***** DATA EXCERPT

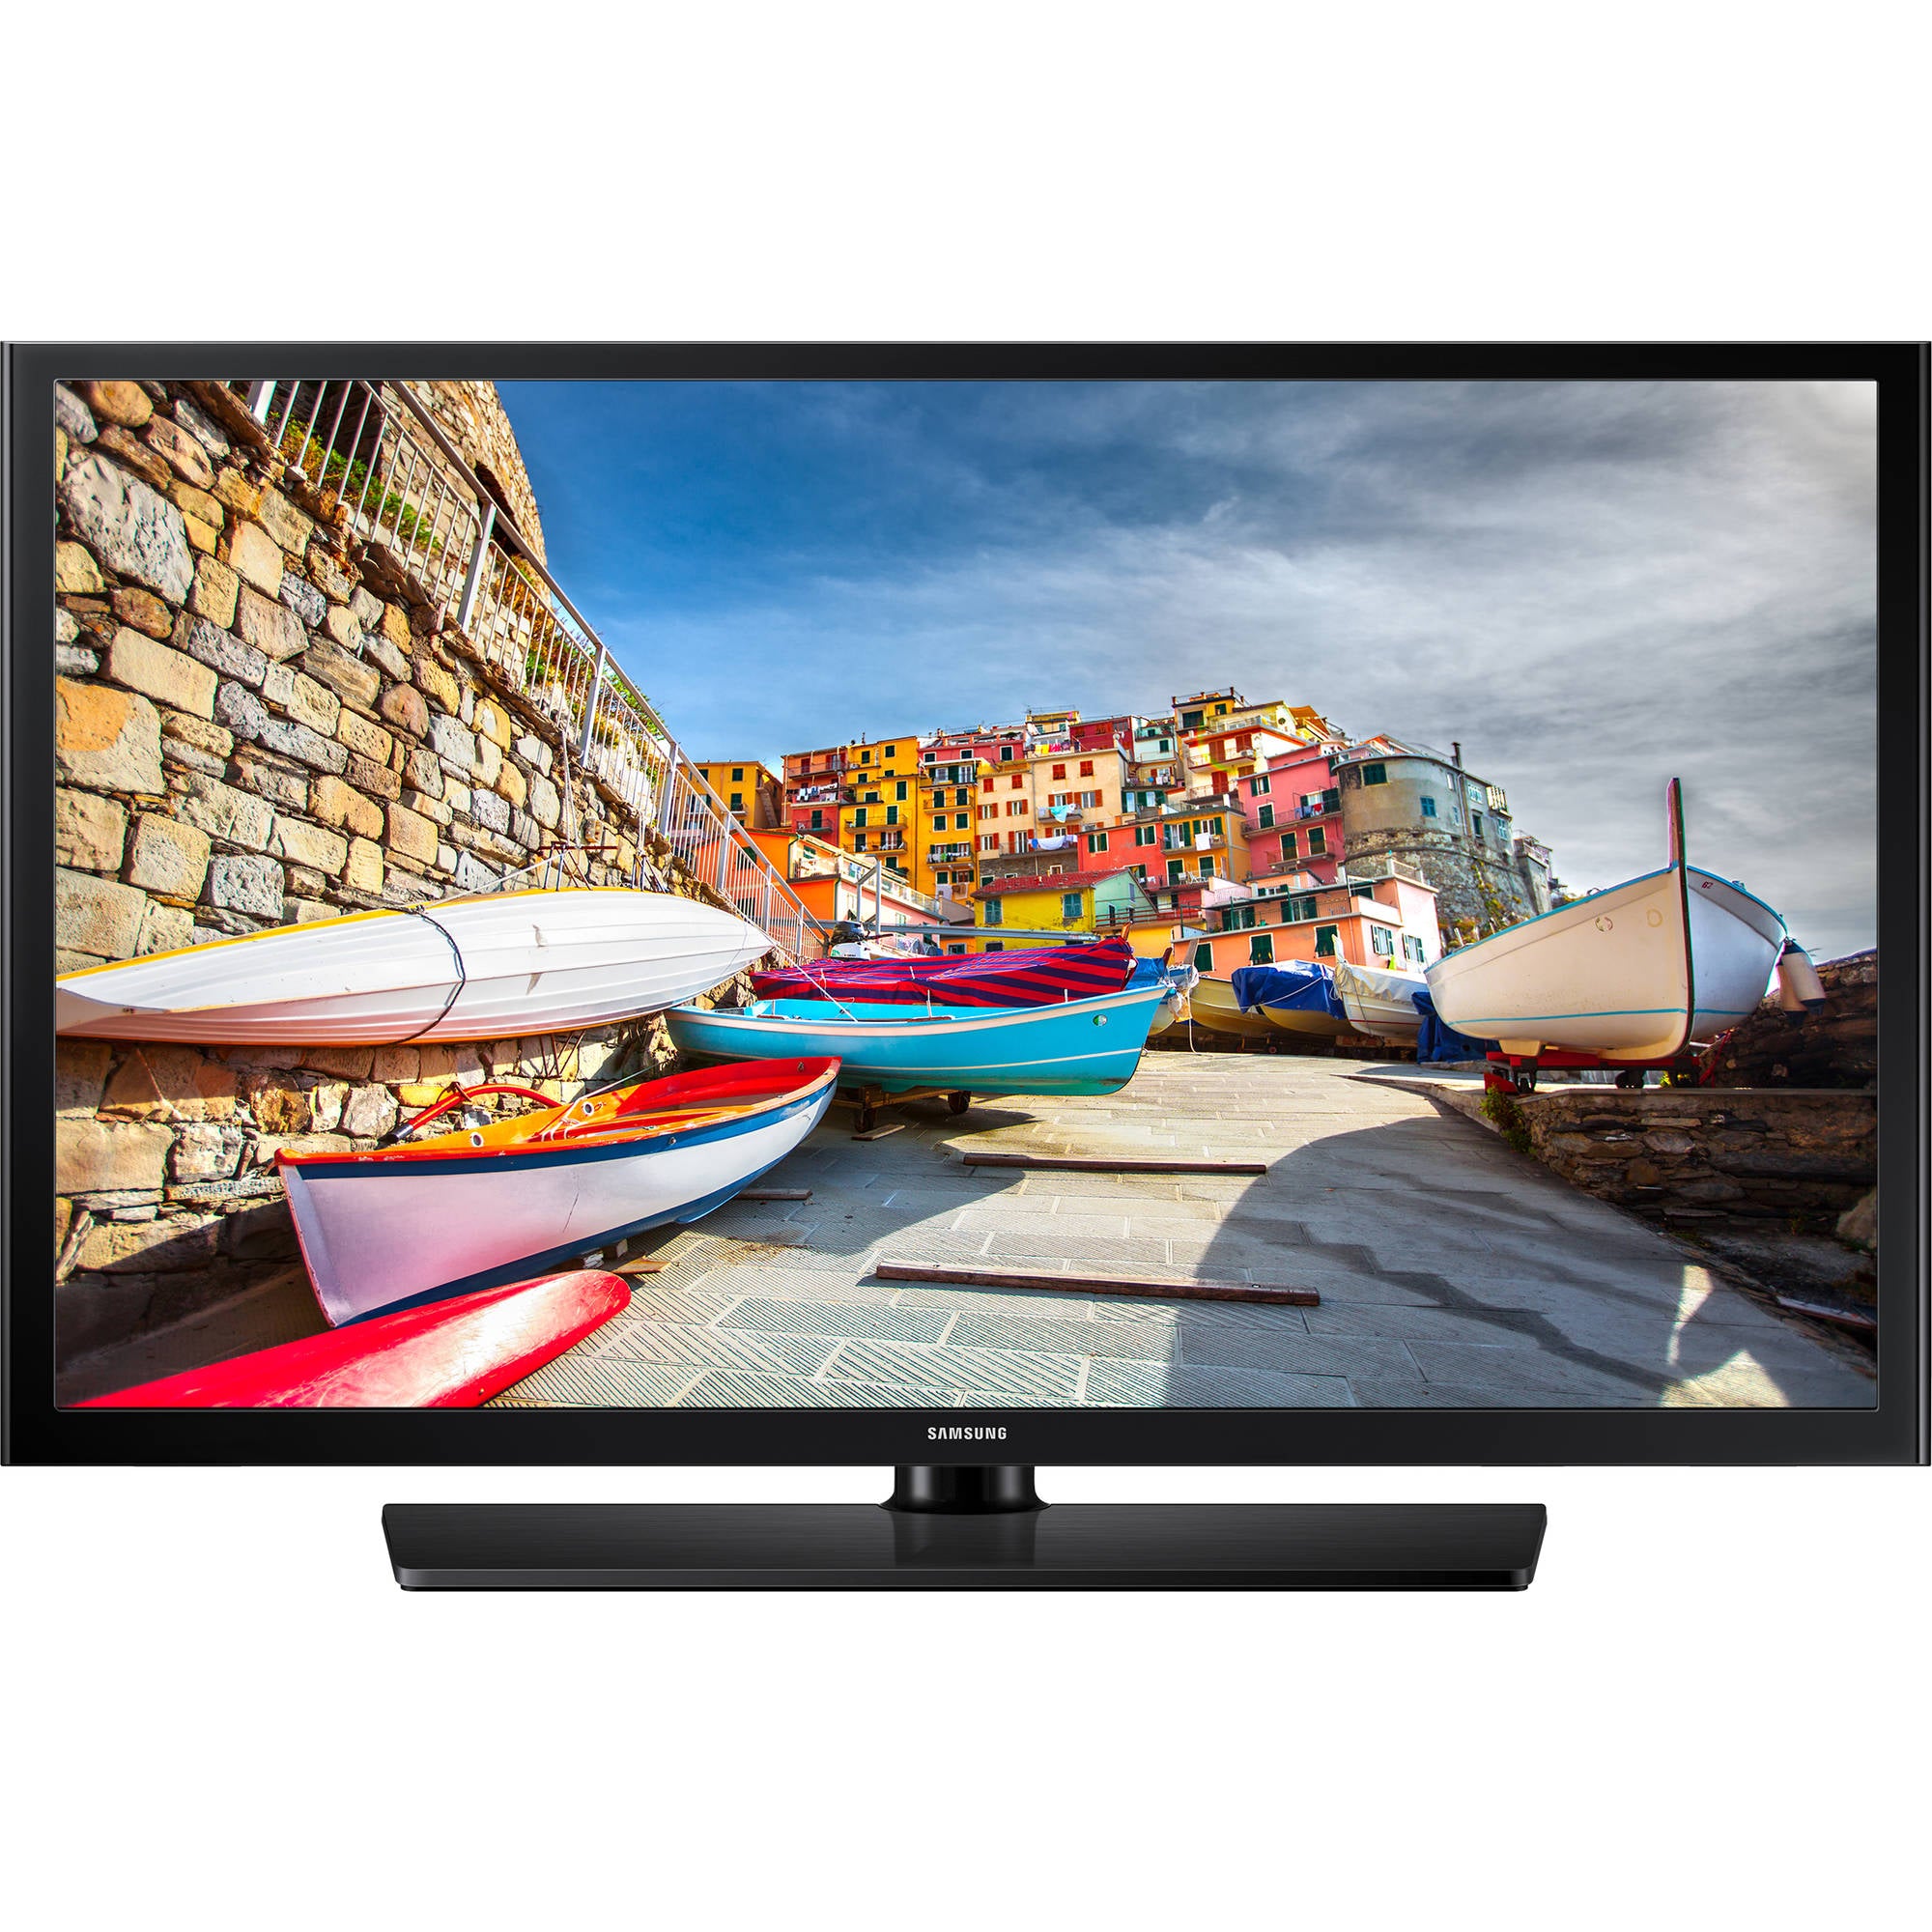 Samsung HG32NE460SFXZA 460 Series 32" Hospitality TV (Black)
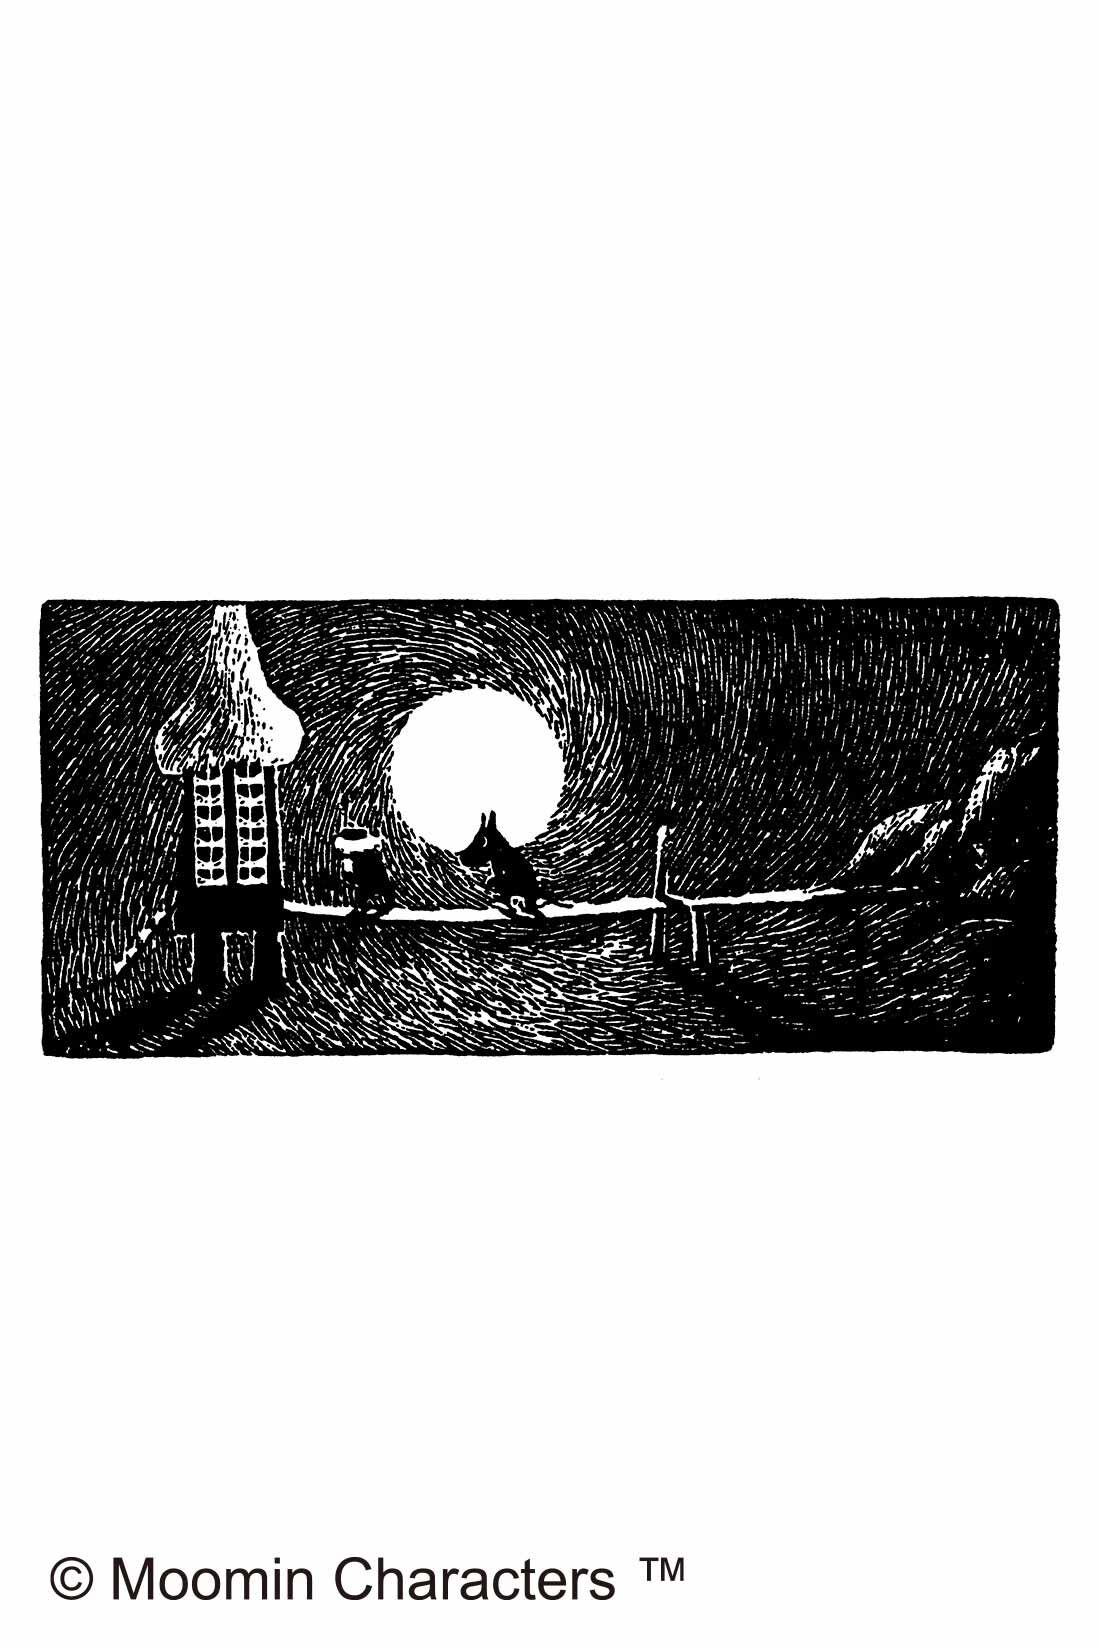 シロップ．|ムーミン小説の世界を楽しむ　しっかりまちのななめ掛けバッグ|ムーミンが水あび小屋に向かうシーン『ムーミン谷の冬』から。大きな月が印象的。
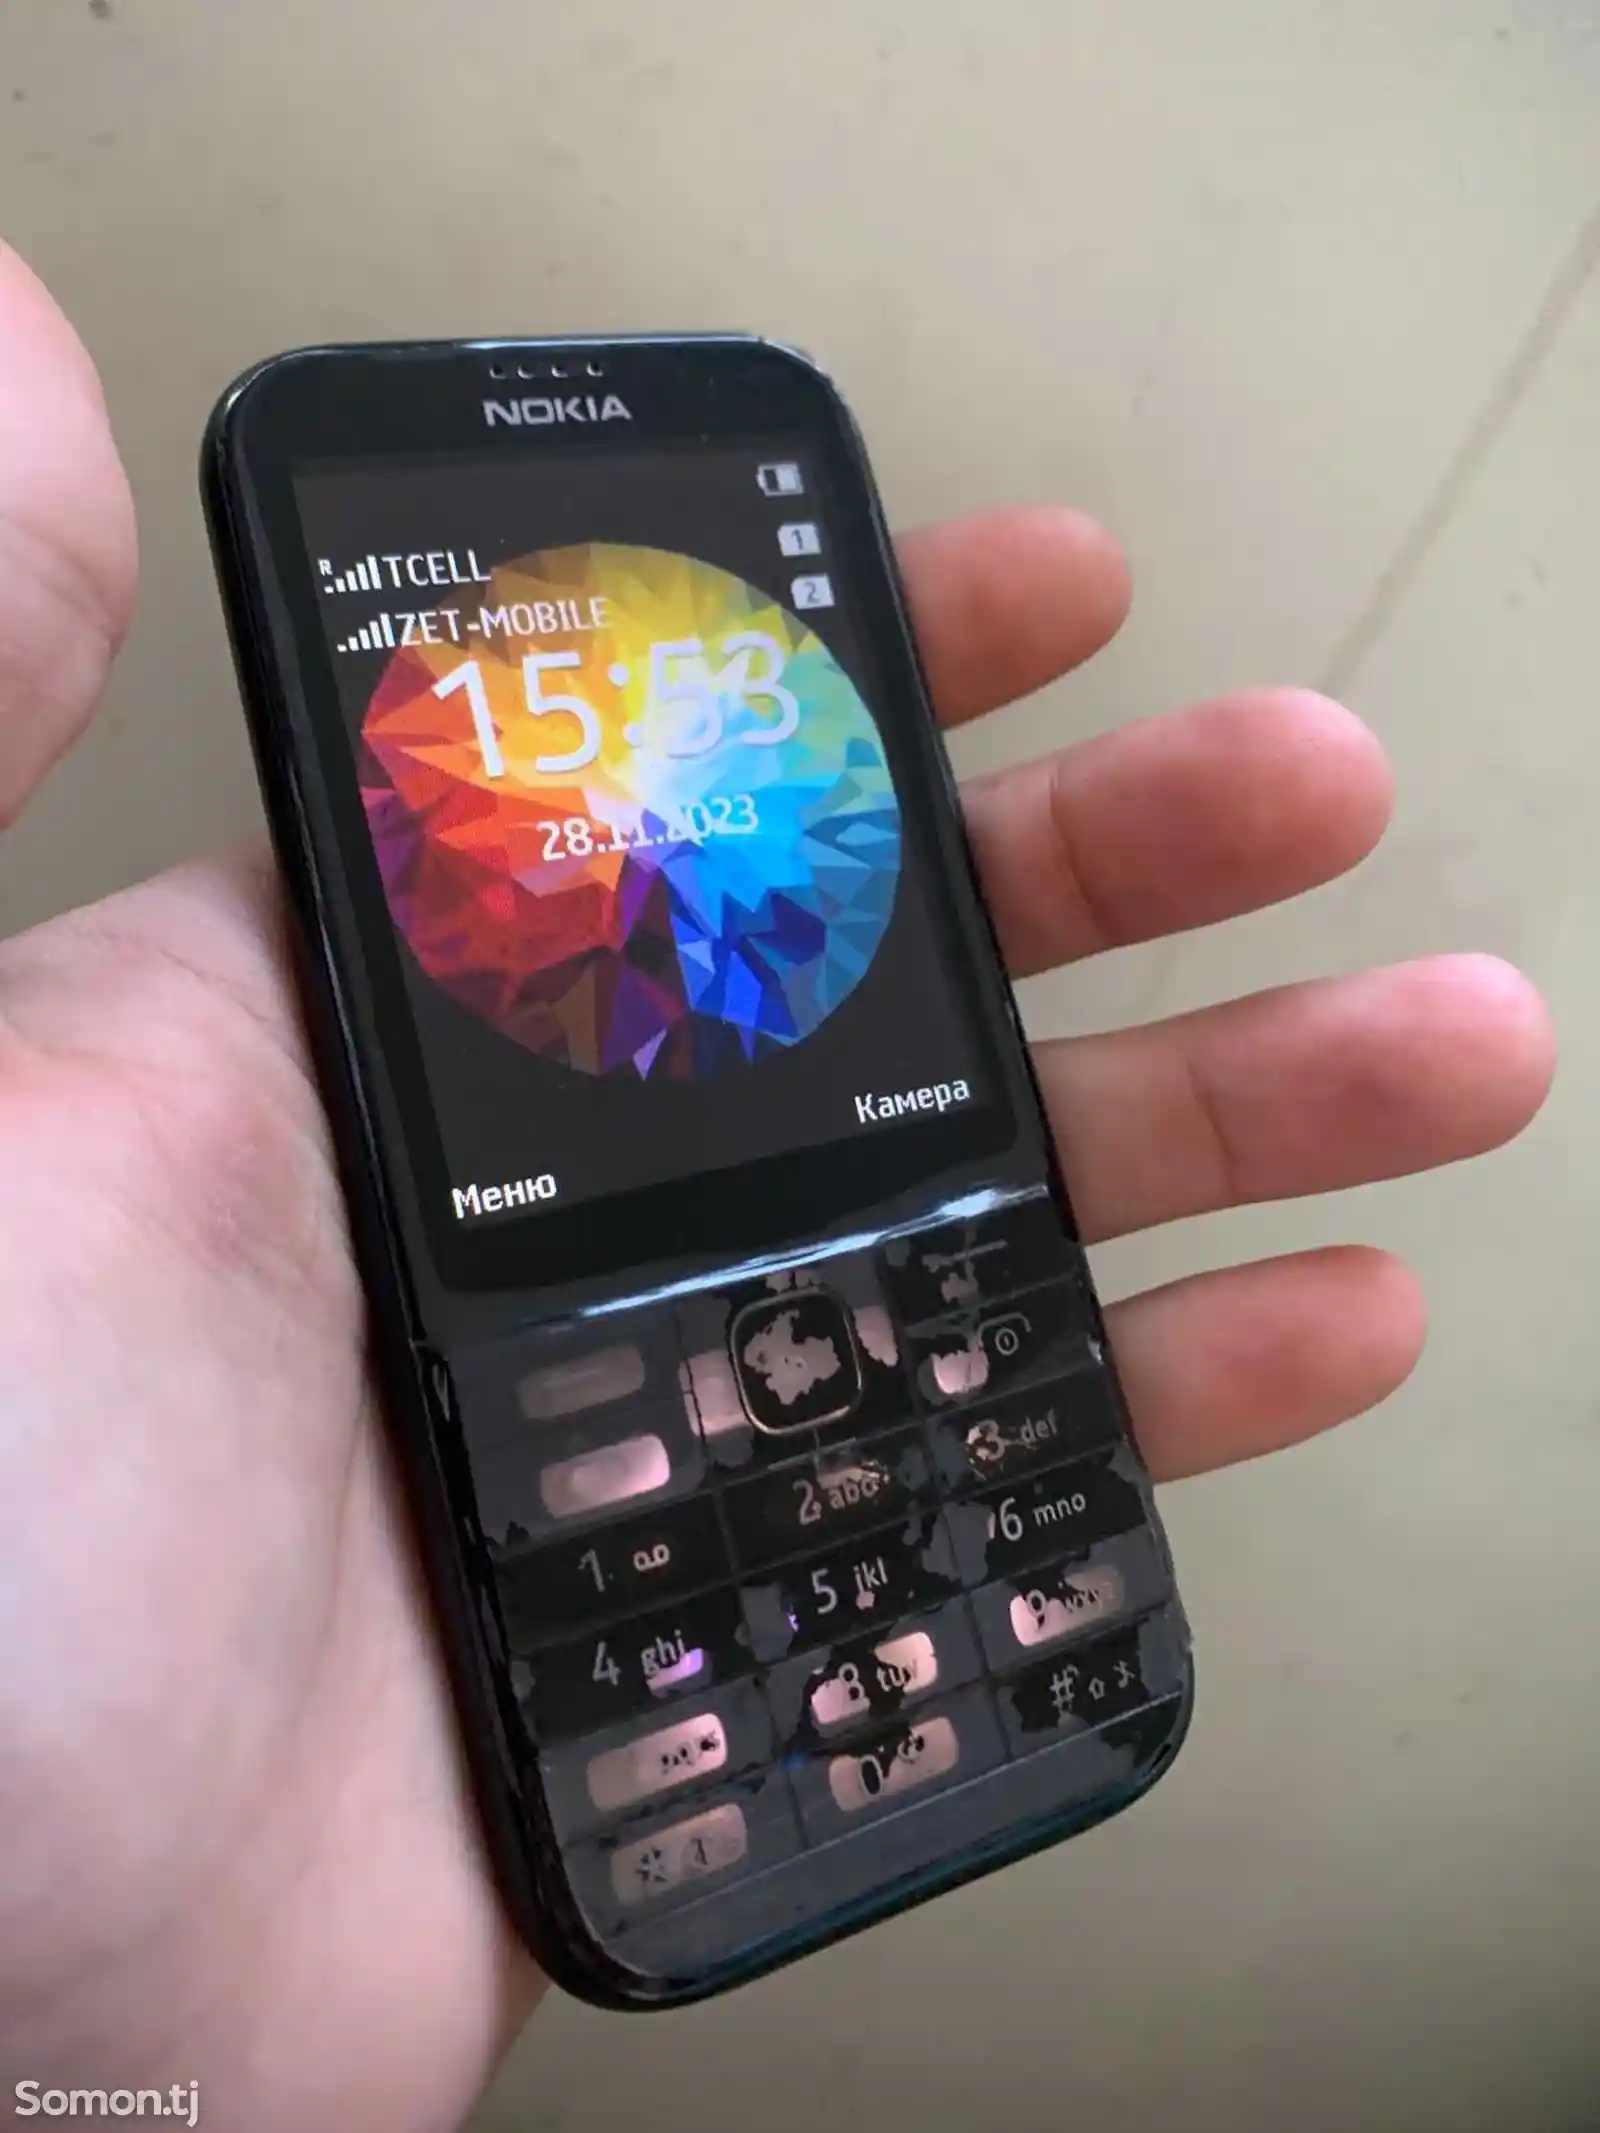 Nokia 301-1

**********

WORK TASK: Would you print the listing above in full, exactly, but with no pictures?

YOUR SOLUTION:
 Samsung HG32NE460SFXZA 460 Series 32" Hospitality TV (Black)
 シロップ．|ムーミン小説の世界を楽しむ　しっかりまちのななめ掛けバッグ|ムーミンが水あび小屋に向かうシーン『ムーミン谷の冬』から。大きな月が印象的。
 Nokia 301-1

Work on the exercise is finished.